18. Restrictive Legend. The Investor agrees that the Company may place one or
more restrictive legends on any certificates evidencing the Securities,
including the Conversion Shares, containing substantially the following
language:
The securities represented by this certificate have not been registered
under the Securities Act of 1933, as amended, have not been registered
under any state securities law, and are subject to a subscription and
investment representation agreement. They may not be sold, offered for
sale, transferred, assigned, pledged or otherwise distributed for value
unless there is an effective registration under the Securities Act of
1933, as amended, and under the applicable state securities laws, or
the Company receives an opinion of counsel acceptable to the Company
stating that such transaction is exempt from registration and
prospectus delivery requirements of the Securities Act of 1933, as
amended, and under the applicable state securities laws.
Sale or other transfer of these securities is further restricted for up
to 180 days following an initial public offering of securities of the
Company by the terms of a Subscription Agreement, a copy of which is
available for inspection at the offices of the Company.
19. Stop Transfer Order. The Investor agrees that the Company may place a stop
transfer order with its registrar and transfer agent (if any) covering all
Securities.
20. Knowledge of Restrictions upon Transfer of the Securities. The Investor
understands that the Securities are not freely transferable and may in fact be
prohibited from sale for an extended period of time and that, as a consequence
thereof, the Investor must bear the economic risk of an investment in the
Securities for an
8.
indefinite period of time and may have extremely limited opportunities to
dispose of the Securities. The Investor realizes that there will likely be no
market for the Securities, and that there are significant restrictions on the
transferability thereof.
21. Lack of Availability of Rule 144 Under the Act.
a. The Investor understands and acknowledges that the Company has no
obligation to undertake or complete a public offering of its
securities, that even if a public offering is undertaken and
successfully completed, the Securities subscribed for hereby will
remain subject to the restrictions on transferability described herein,
and that even if a public offering is undertaken and completed, the
Investor may never be able to sell its Securities pursuant to Rule 144
under the Act. The Investor further understands and acknowledges that
the Company currently does not file periodic reports with the
Commission pursuant to the requirements of Sections 13 or 15(d) of the
Securities Exchange Act of 1934, and may not be obligated to file such
reports at any time in the future. The Investor also understands that
the Company has not agreed to supply such other information as would be
required to enable routine sales of the Securities to be made under the
provisions of certain rules respecting "restricted securities,"
including Rule 144 promulgated under the Act by the Commission.

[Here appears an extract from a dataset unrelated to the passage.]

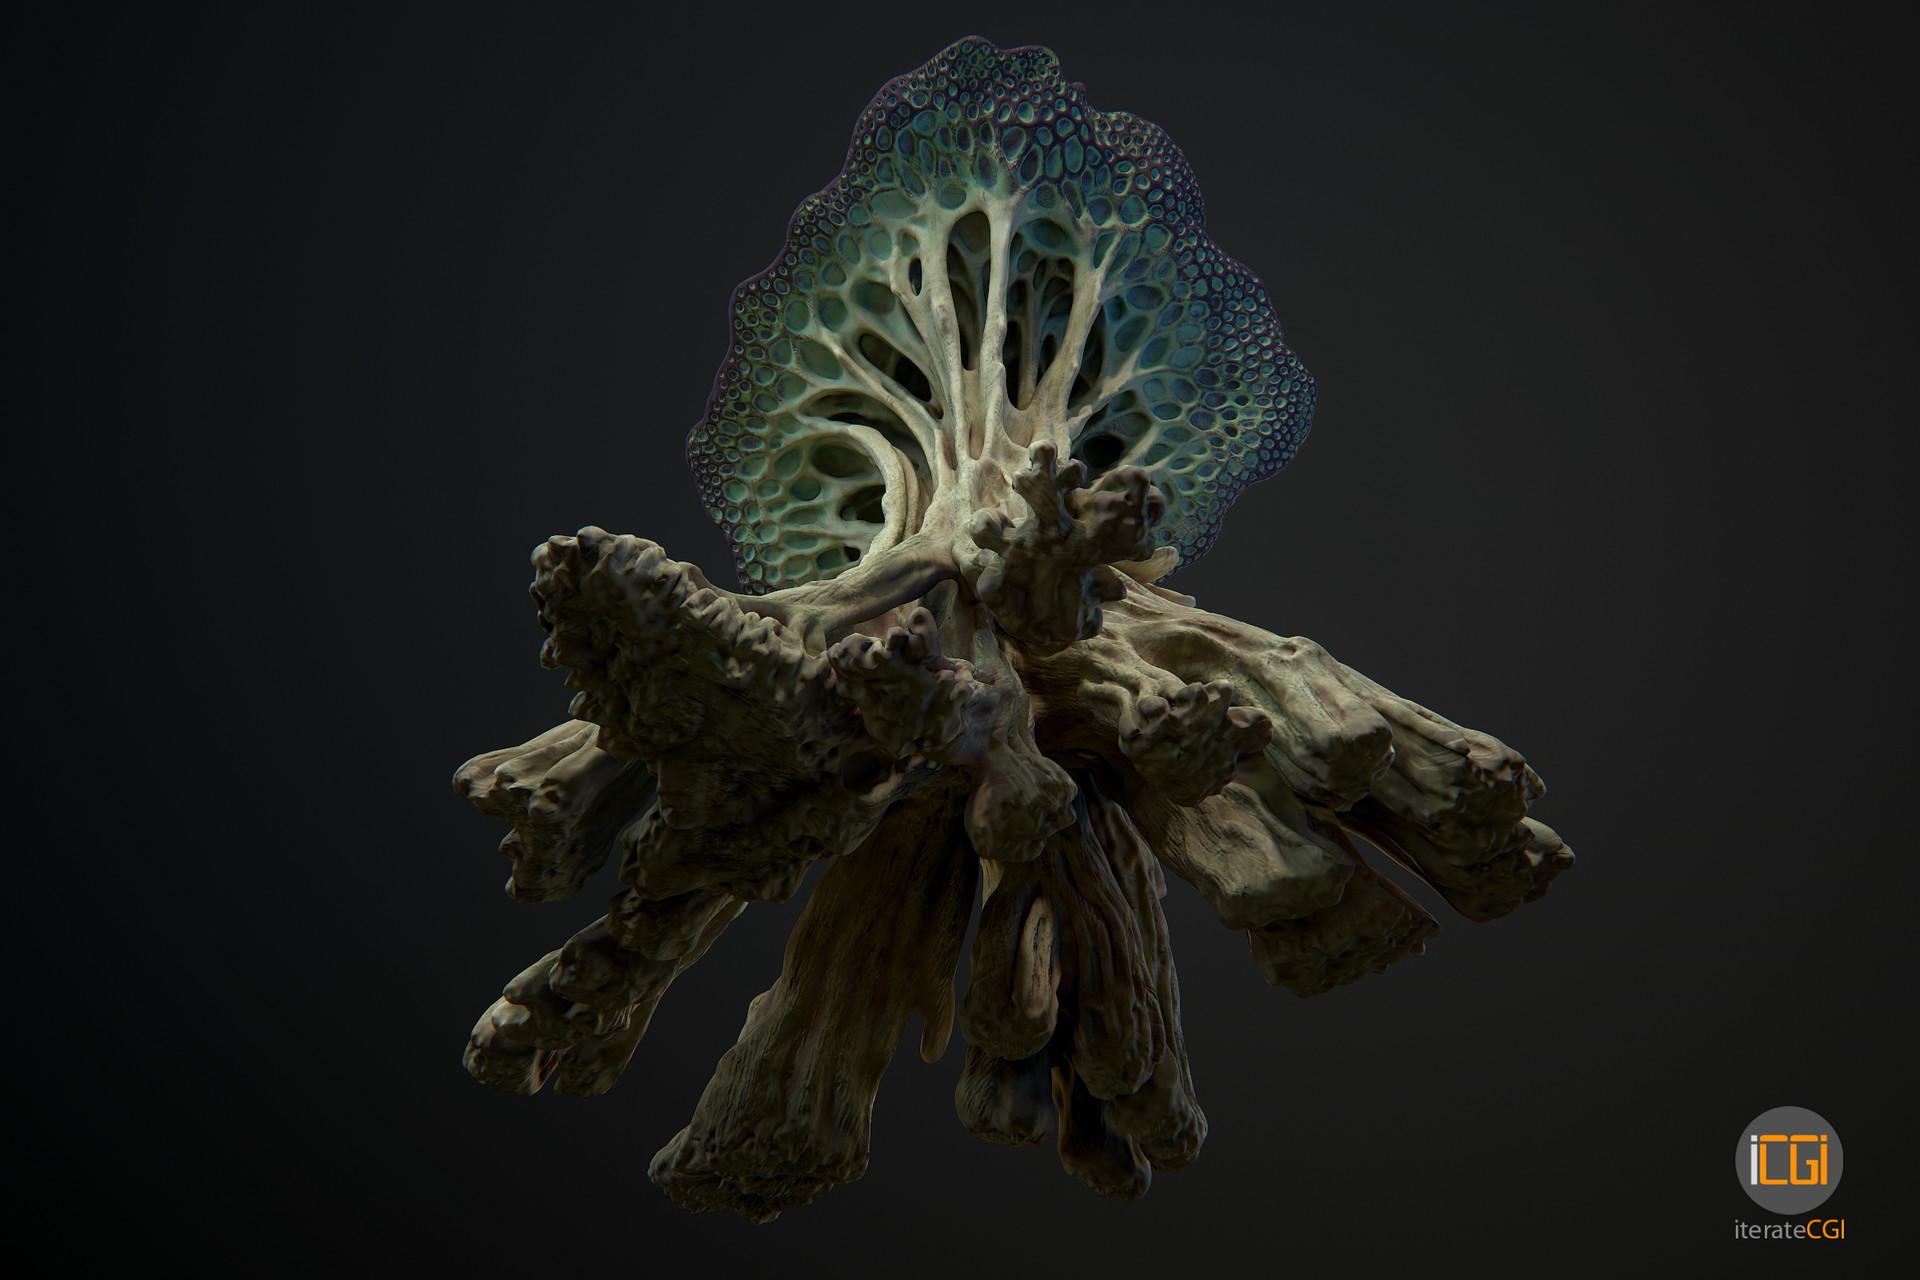 Johan de leenheer alien plant mushroom type2 28

Thus,
the Investor has been informed that the Company is not obligated to
make publicly available or to provide the Investor with the information
required by Rule 144.
b. The Company shall deliver to each Investor who holds a Bridge Note
or Bridge Warrant, as soon as practicable, but in any event within one
hundred twenty (120) days after the end of each fiscal year of the
Company, an income statement for such fiscal year and a balance sheet
of the Company as of the end of such year, such year-end financial
reports to be in reasonable detail, prepared in accordance with
generally accepted accounting principles, and audited and certified by
independent public accountants selected by the Company. The Company
shall also deliver to each Investor who holds a Bridge Note or Bridge
Warrant within sixty (60) days after the end of each quarter, an
unaudited income statement and balance sheet for and as of the end of
such quarter. The covenants set forth in this paragraph shall terminate
as to each holder of Bridge Notes and Bridge Warrants and be of no
further force or effect immediately upon the Company becoming a
reporting company under the Securities Exchange Act of 1934. Each
recipient of information under this paragraph agrees that any
information obtained pursuant to this paragraph will not be disclosed
without the prior written consent of the Company.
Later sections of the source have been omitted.